New Zuari Bridge, also commonly known as Manohar Setu, is a bridge over the Zuari River in Goa, India, linking the districts of North Goa and South Goa.

Opened in 2022, with a total length of 640 m, New Zuari Bridge is the second longest cable-stayed bridge in India. Named after the Zuari River, the project was under the control of National Highways Authority of India (NHAI).

== History ==
The foundation stone of the bridge was laid in 2016. It was initially agreed that it would take three years to complete. Bhopal based Dilip Buildcon Limited was awarded the bridge construction project. Work on the country's second largest cable bridge started in collaboration with a Ukrainian firm. But the work progressed slowly. The construction of the bridge, which was supposed to be completed in 2021, was delayed due to the COVID-19 pandemic; because the pandemic situation prevented DBL's Chinese consultant from traveling to India. Union Road Transport and Highways Minister Nitin Gadkari inaugurated the first phase of the New Zuari Bridge in Goa on 29 December 2022. The 2nd (southbound) bridge was opened on 22 December 2023.

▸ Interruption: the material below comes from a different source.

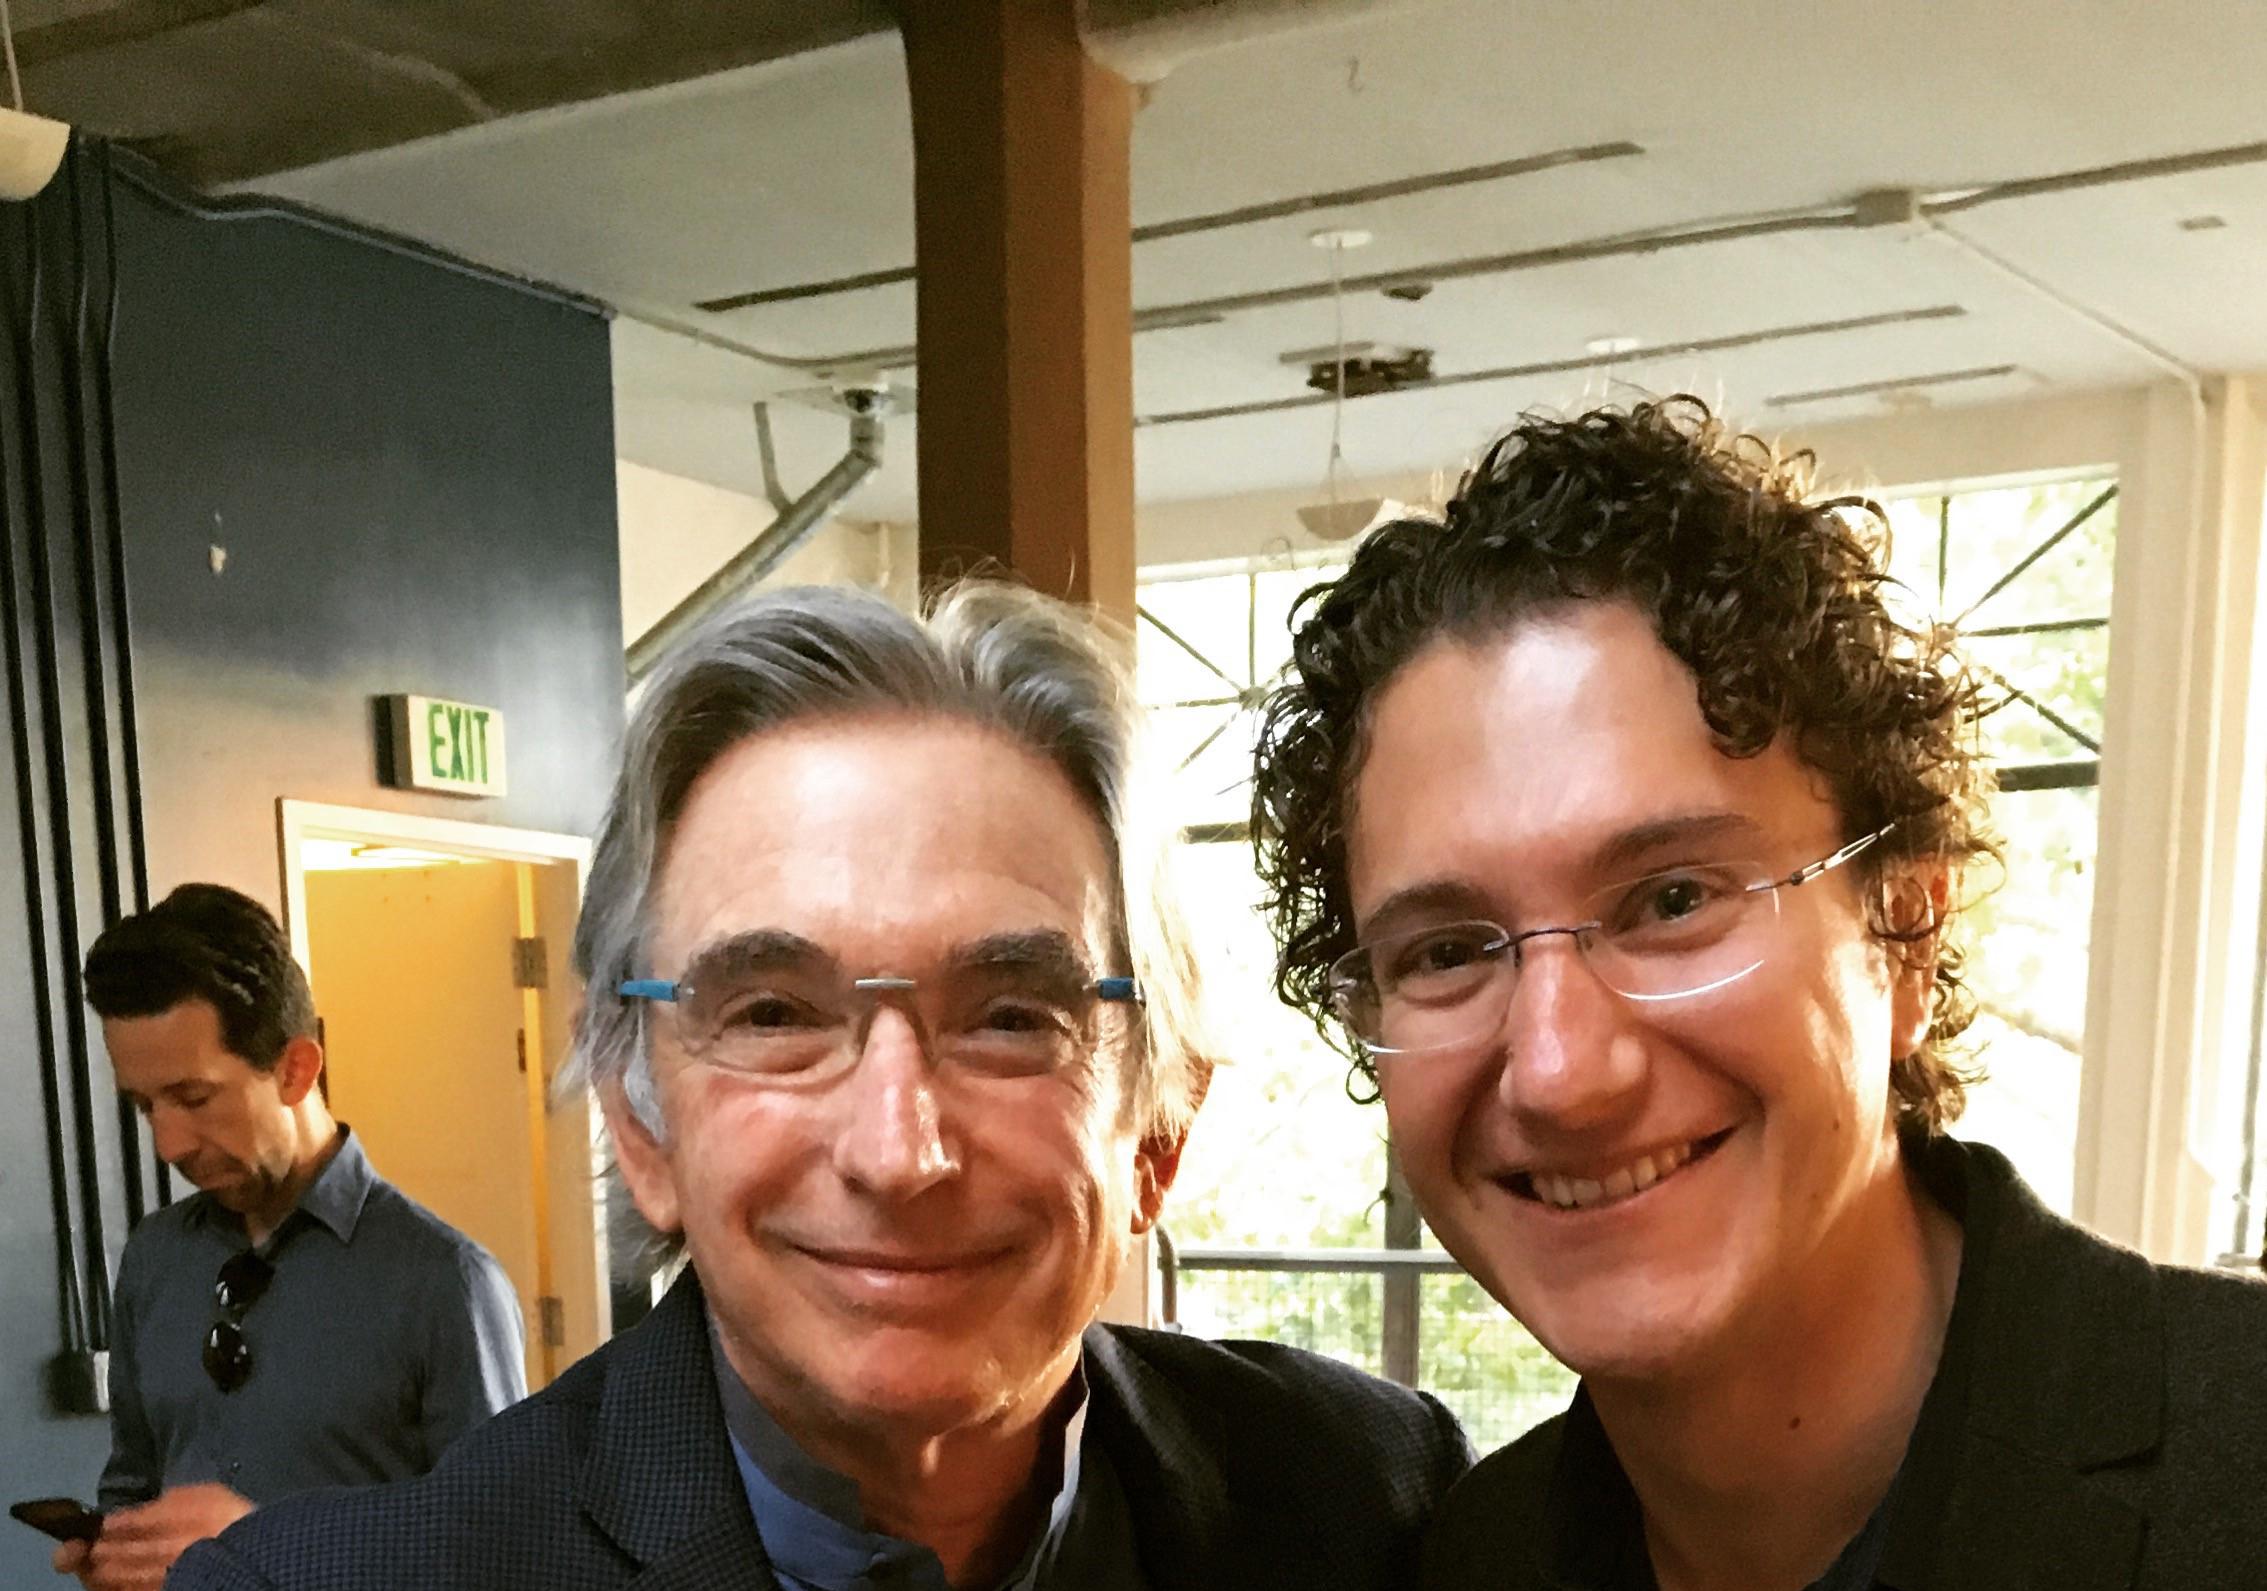 Michael Tilson Thomas and Teddy Abrams

== Architectural features ==
New Zuari Bridge is a cable-stayed bridge, built using steel pylons 125 m high. With a total length of 640 m, New Zuari Bridge is the second longest cable-stayed bridge in India. The total width of the bridge is 27 m, with 4 lanes in each direction. The deck over the main span is 360 m long. The two side spans are supported by parallel wire cables and are 140 m long.